The potential for QTc prolongation with fedratinib was evaluated in 31 patients with solid tumors. No large mean increase in the QTc interval (>20 ms) was detected with daily dosing of fedratinib 500 mg (1.25 times the recommended dose) for 14 days.

12.3. Pharmacokinetics

INREBIC at 300 mg to 500 mg once daily (0.75 to 1.25 times the recommended dose) results in a dose proportional increase in geometric mean fedratinib peak concentrations (Cmax) and the area under the plasma concentration time curve over the dosing interval (AUCtau). The mean steady state levels are achieved within 15 days of daily dosing. The mean accumulation ratio ranged between 3- to 4-fold.

At the dose of 400 mg once daily, the geometric mean (coefficient of variation, CV) fedratinib Cmax is 1804 ng/mL (49) and AUCtau is 26870 ng.hr/mL (43%) in patients with myelofibrosis.

Absorption

Following 400 mg once daily, fedratinib median time to peak concentrations (Tmax) at steady-state is 3 hours (range: 2 to 4 hours).

Effect of Food

A low-fat, low-calorie (total 162 calories: 6% from fat, 78% from carbohydrate and 16% from protein) or a high-fat, high-calorie (total 815 calories: 52% from fat, 33% from carbohydrate and 15% from protein) meal increased area under the curve over time to infinity (AUCinf) up to 24% and Cmax up to 14% of a single 500 mg dose of fedratinib.

Distribution

The apparent volume of distribution of fedratinib at steady-state is 1770 L in patients with myelofibrosis at 400 mg once daily dose. Fedratinib is 92% or greater bound to human plasma proteins.

Elimination

Fedratinib pharmacokinetics is characterized by a biphasic disposition with an effective half-life of 41 hours, a terminal half-life of approximately 114 hours, and apparent clearance (CL/F) (CV) of 13 L/hr (51) in patients with myelofibrosis.

Metabolism

Fedratinib is metabolized by CYP3A4, CYP2C19, and flavin-containing monooxygenase 3 (FMO3). Fedratinib accounts for approximately 80% of total circulating drug in plasma after oral administration.

Excretion

Following a single oral dose of radiolabeled fedratinib, 77% (23% unchanged) of the administered dose was excreted in feces and 5% (3% unchanged) was eliminated in urine.

Specific Populations

Age (20 years to 95 years), race (White, Asians), sex, body weight (40 kg to 135 kg), mild [total bilirubin ≤upper limit of normal (ULN) and AST >ULN or total bilirubin 1 to 1.5 times ULN and any AST] or moderate (total bilirubin >1.5 to 3 times ULN and any AST) hepatic impairment, and mild (CLcr 60 mL/min to 89 mL/min by C-G) renal impairment did not have clinically meaningful effects on the pharmacokinetics of fedratinib.

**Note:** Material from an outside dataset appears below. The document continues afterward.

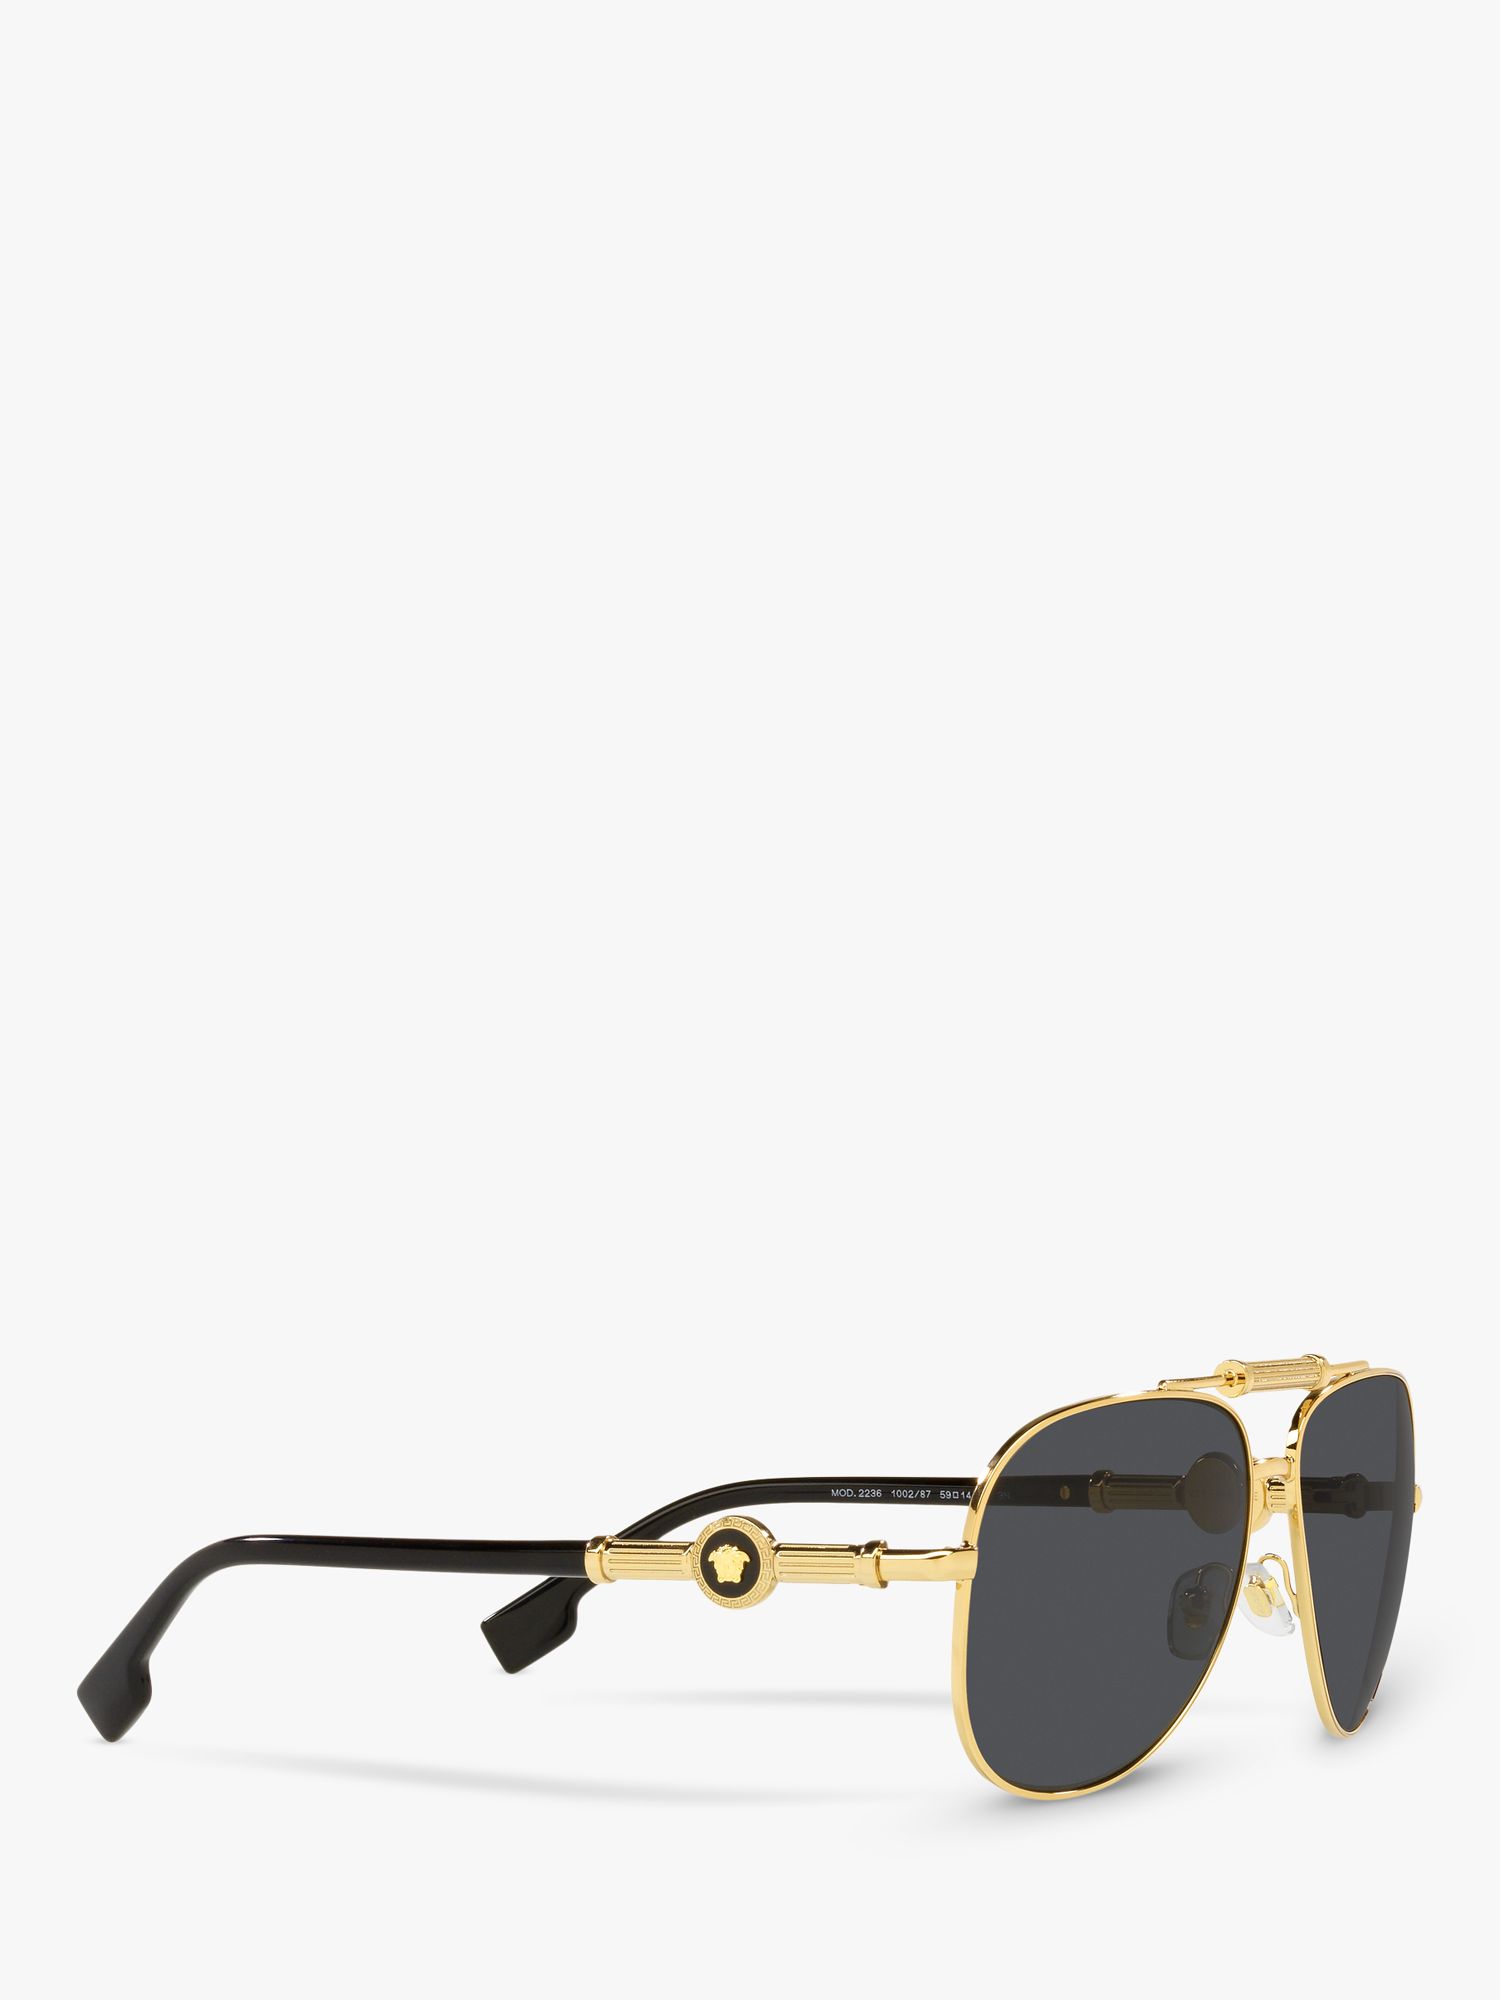 Versace VE2236 Unisex Pilot Sunglasses, Gold/Black

The effect of severe (total bilirubin >3 times ULN and any AST) hepatic impairment on fedratinib pharmacokinetics is unknown.

Patients with Renal Impairment

Following a single 300 mg dose of INREBIC, the AUCinf of fedratinib increased by 1.5-fold in subjects with moderate (CLcr 30 mL/min to 59 mL/min by C-G) renal impairment and 1.9-fold in subjects with severe (CLcr 15 mL/min to 29 mL/min by C-G) renal impairment, compared to that in subjects with normal renal function (CLcr ≥90 mL/min by C-G) [see Dosage and Administration (2.4) and Renal Impairment (8.6)].

Drug Interaction Studies

Clinical Studies and Model-Informed Approaches

Effect of Strong and Moderate CYP3A4 Inhibitors:

Coadministration of ketoconazole (strong CYP3A4 inhibitor: 200 mg twice daily) with a single dose of INREBIC (300 mg) increased fedratinib AUCinf by 3-fold [see Dosage and Administration (2.3) and Drug Interactions (7.1)].

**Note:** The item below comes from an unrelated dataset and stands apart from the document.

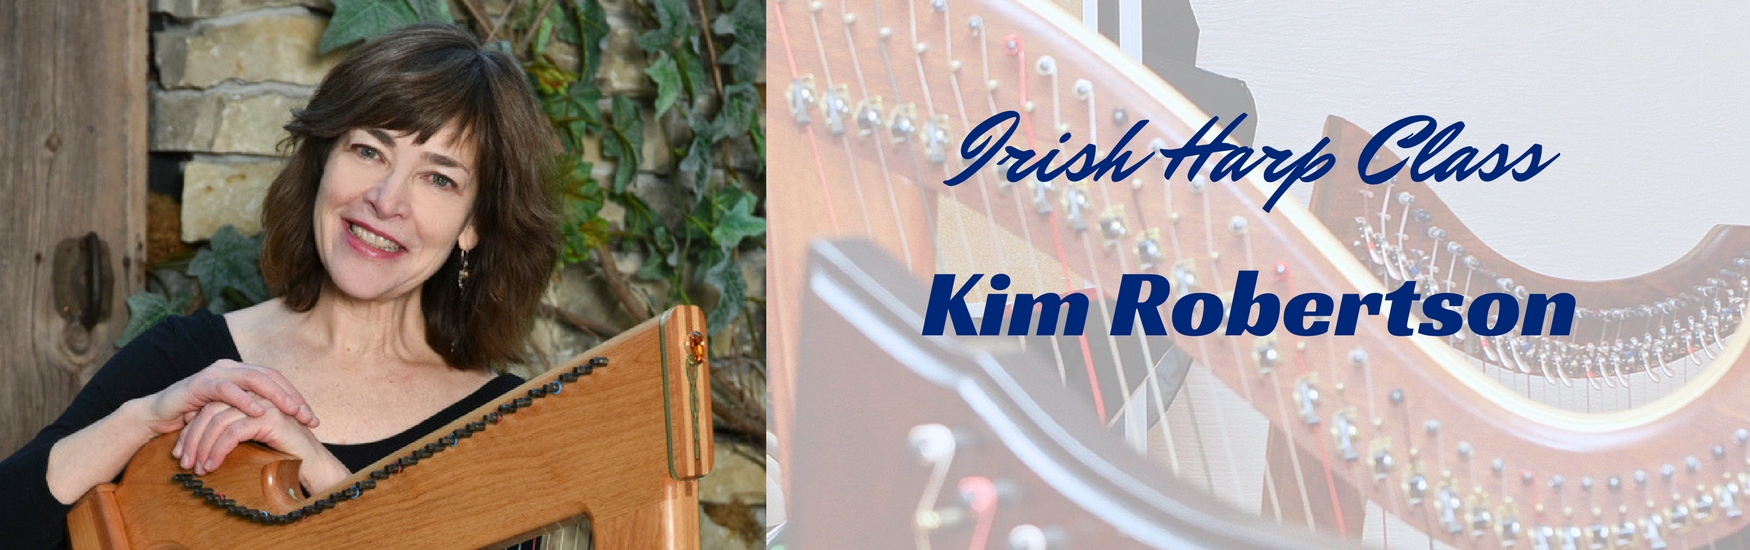 Irish Harp Class with Kim Robertson

Based on modeling and simulation, coadministration of a strong CYP3A4 inhibitor such as ketoconazole (400 mg once daily) with INREBIC 400 mg once daily is predicted to increase fedratinib AUC at steady state by 2-fold [see Dosage and Administration (2.3) and Drug Interactions (7.1)].

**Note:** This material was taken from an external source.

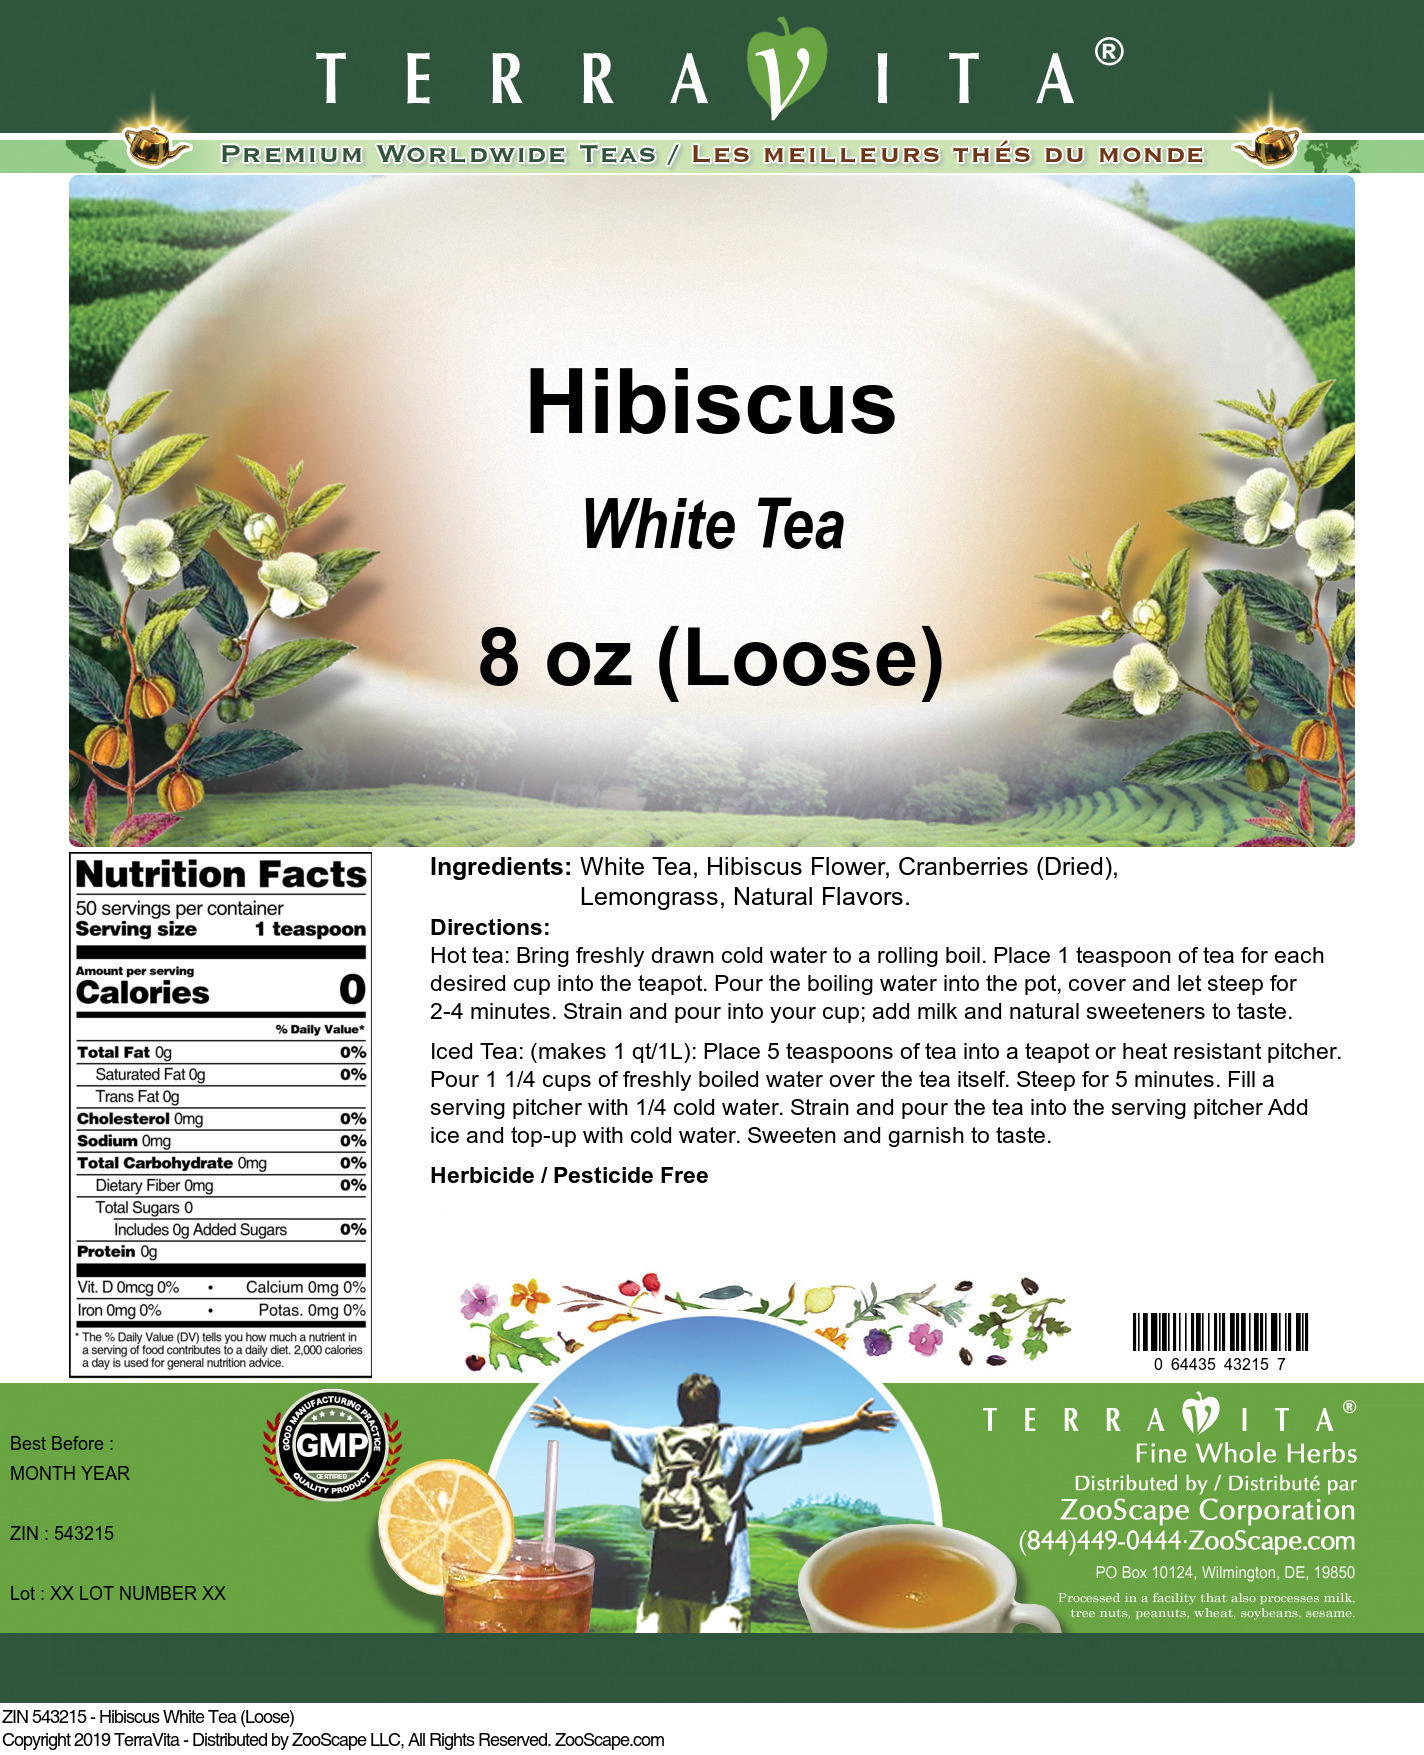 Hibiscus White Tea (Loose) - Label

Based on modeling and simulation, coadministration of moderate CYP3A4 inhibitors, erythromycin (500 mg three times daily) or diltiazem (120 mg twice daily), with INREBIC 400 mg once daily is predicted to increase fedratinib AUC at steady state by 1.2-, and 1.1-fold, respectively.

Effect of Dual CYP3A4 and CYP2C19 Inhibitor:

The effect of concomitant administration with a dual CYP3A4 and CYP2C19 inhibitor on fedratinib pharmacokinetics is not known [see Drug Interactions (7.1)].

Effect of Strong and Moderate CYP3A4 Inducers:

The effect of concomitant administration with a strong or moderate CYP3A4 inducer on fedratinib pharmacokinetics is not known [see Drug Interactions (7.1)].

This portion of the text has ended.